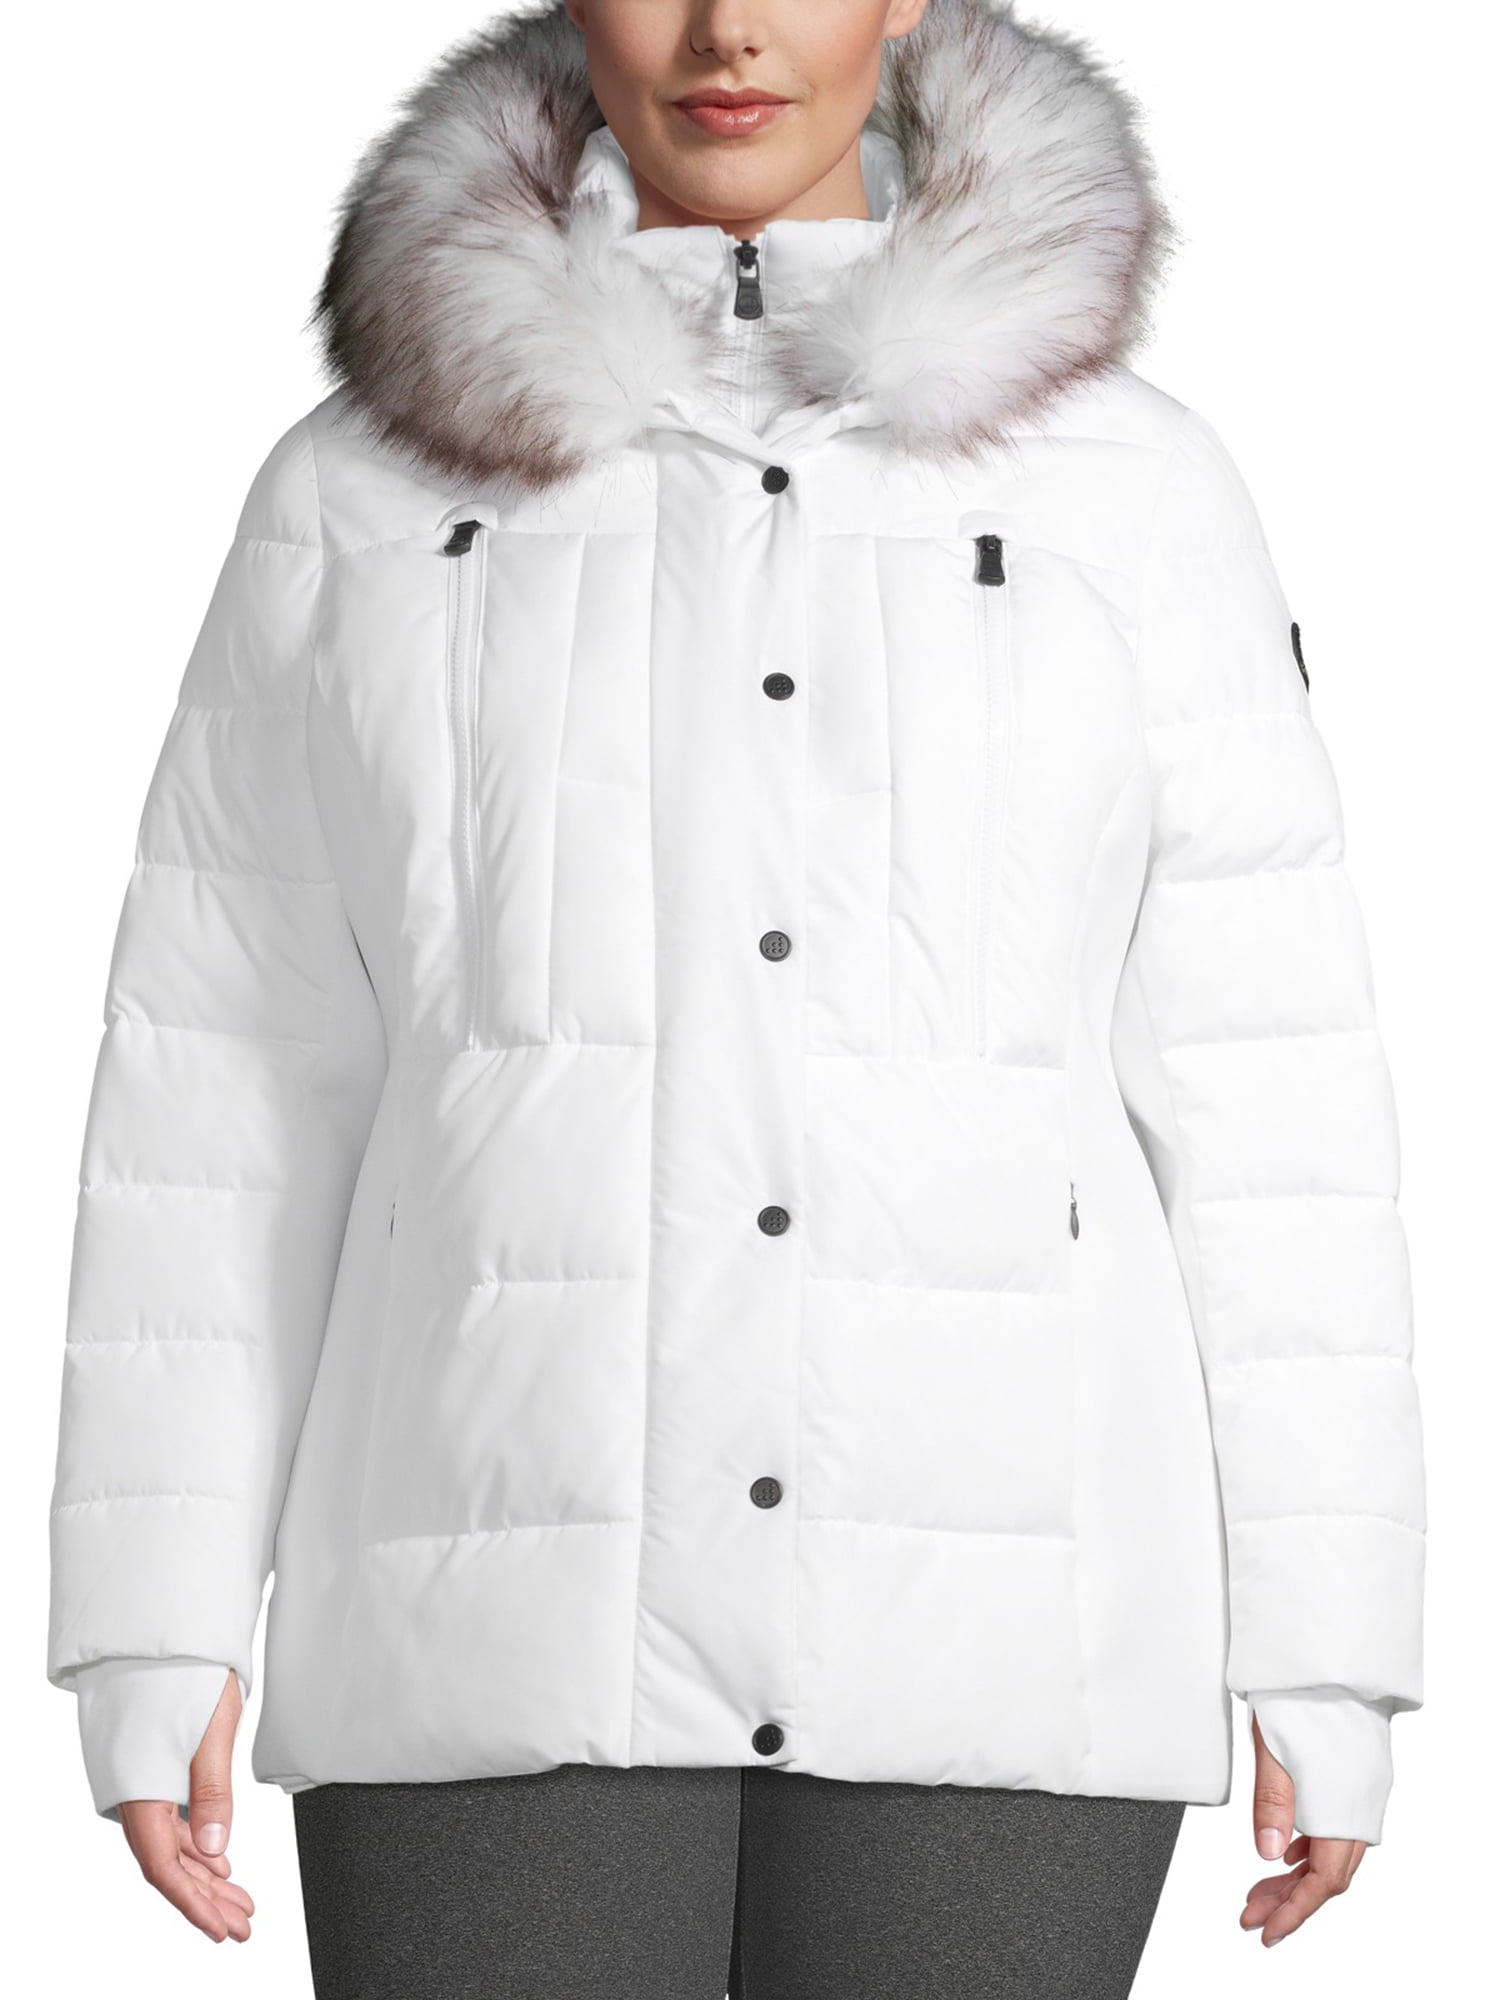 women's short puffer jacket with fur hood
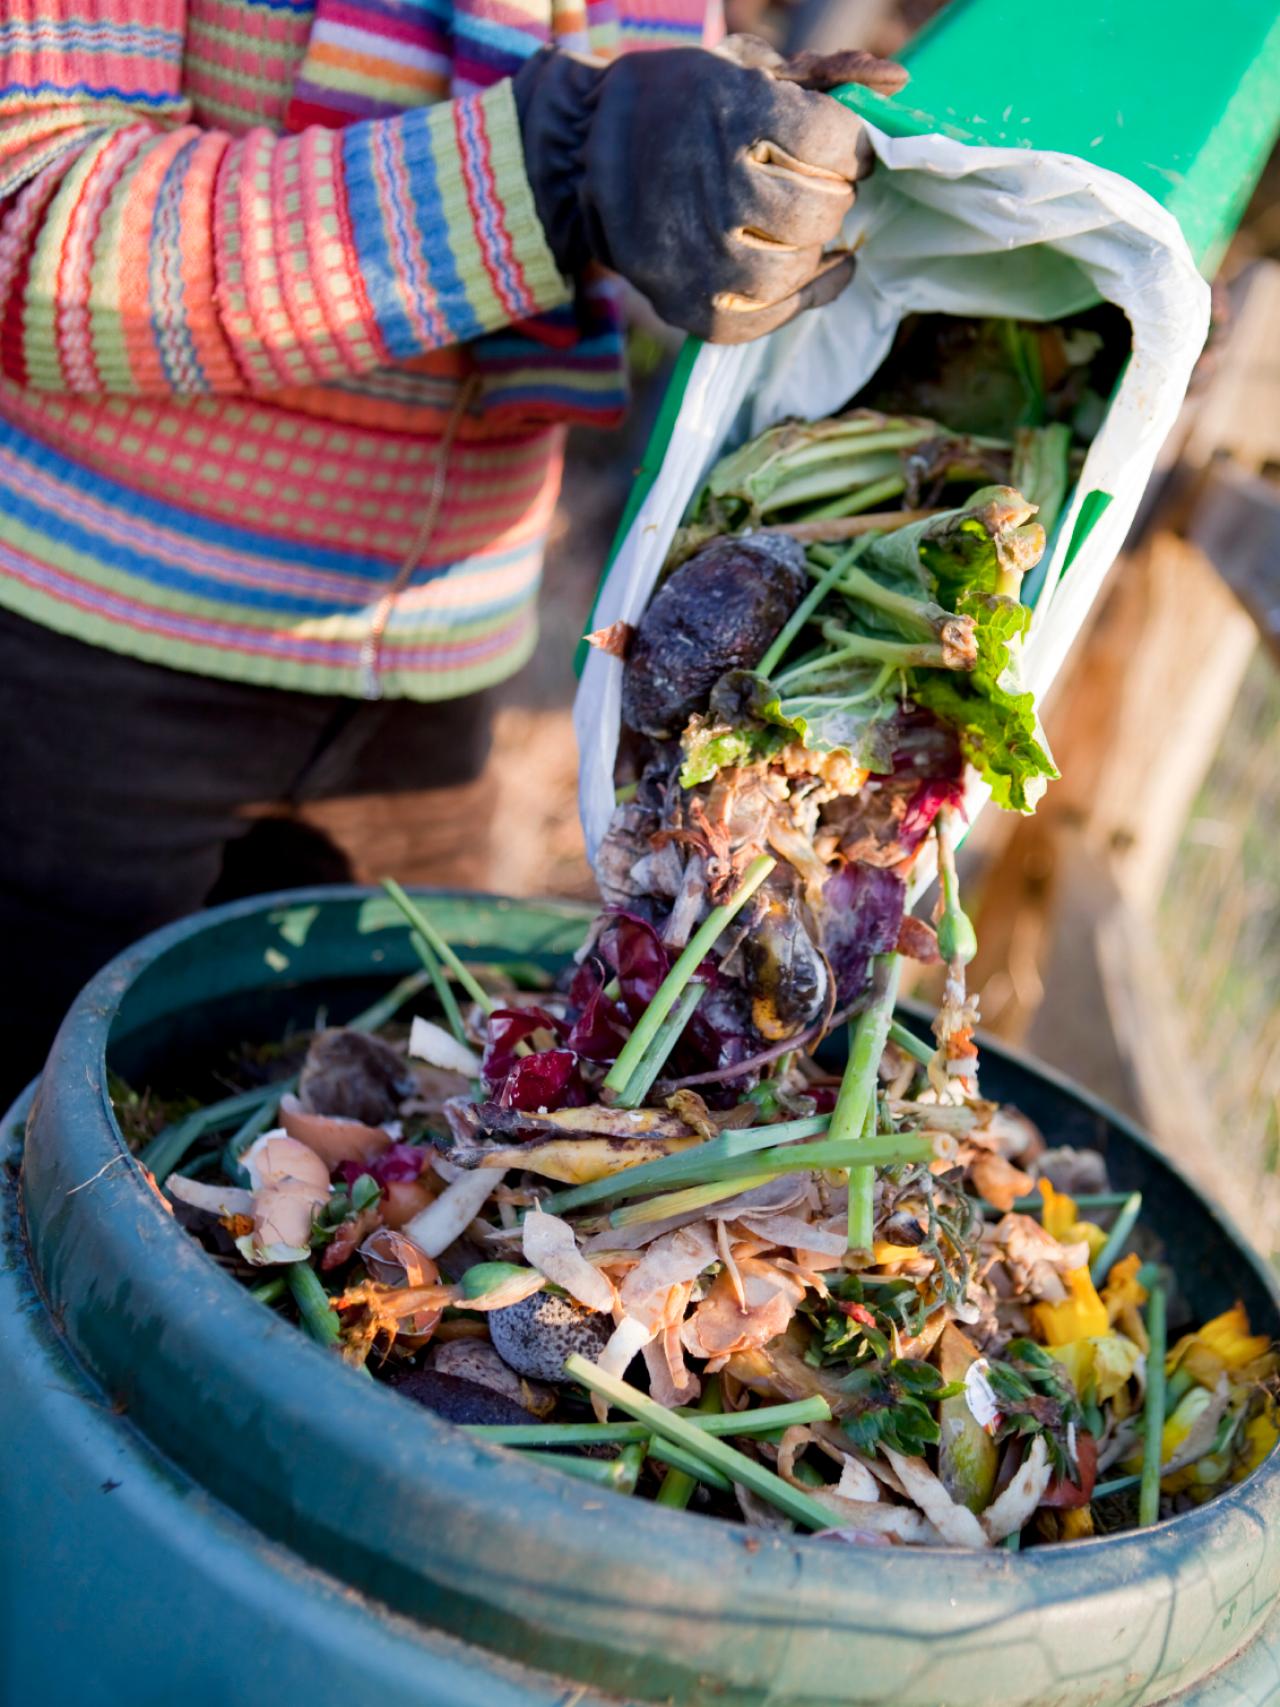 How to Compost Kitchen Waste | HGTV
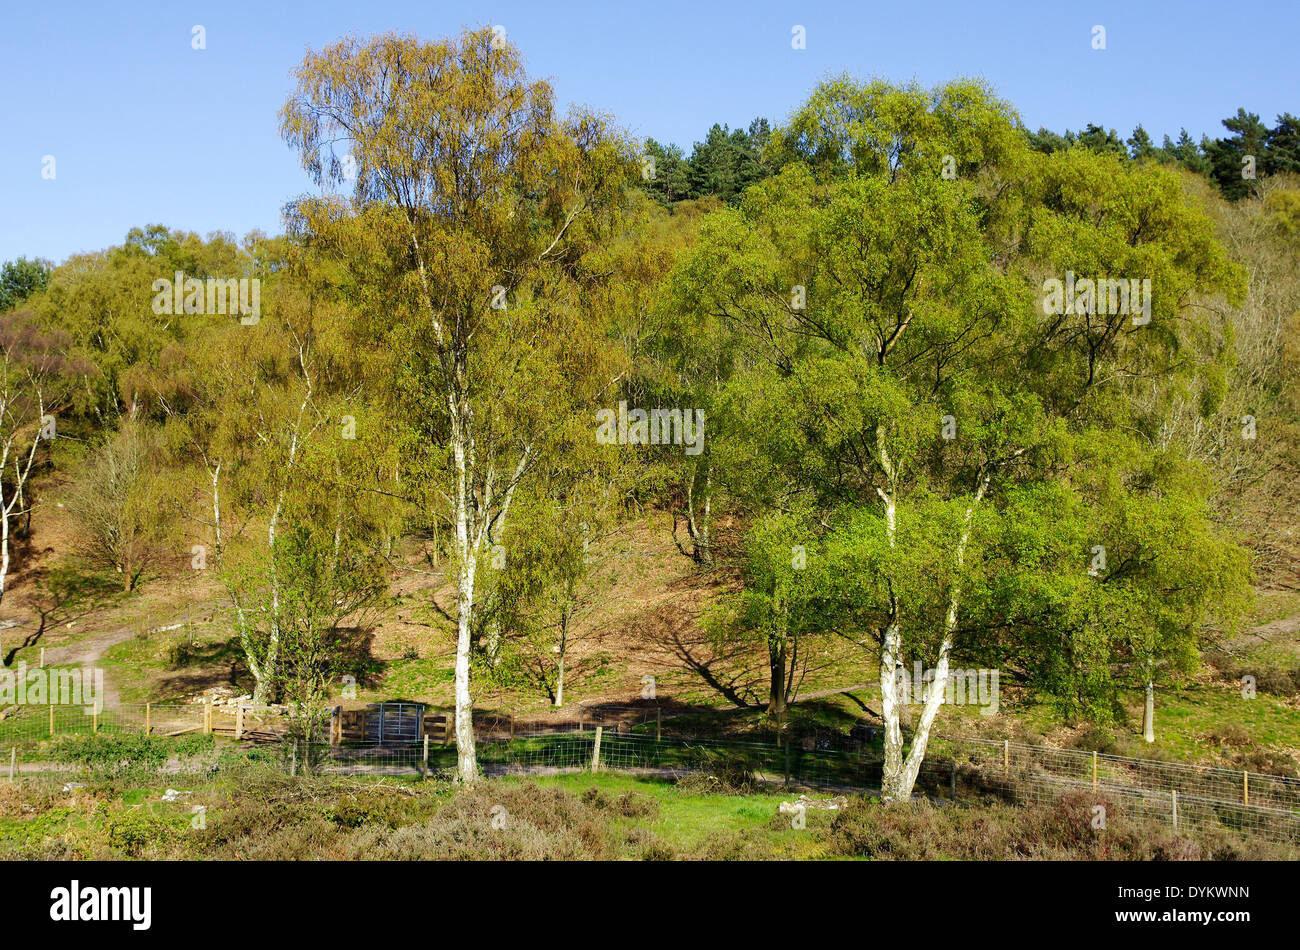 Bois de bouleau verruqueux Betula pendula ( ) au parc forestier de Kingsford, Worcestershire, Angleterre, RU au printemps Banque D'Images

» What the exercise asks: From the material above, write out exactly the lines from the line with "How to Compost Kitchen Waste | HGTV" through the closing line, inclusive, and no pictures.

» Response:
 How to Compost Kitchen Waste | HGTV
 Bois de bouleau verruqueux Betula pendula ( ) au parc forestier de Kingsford, Worcestershire, Angleterre, RU au printemps Banque D'Images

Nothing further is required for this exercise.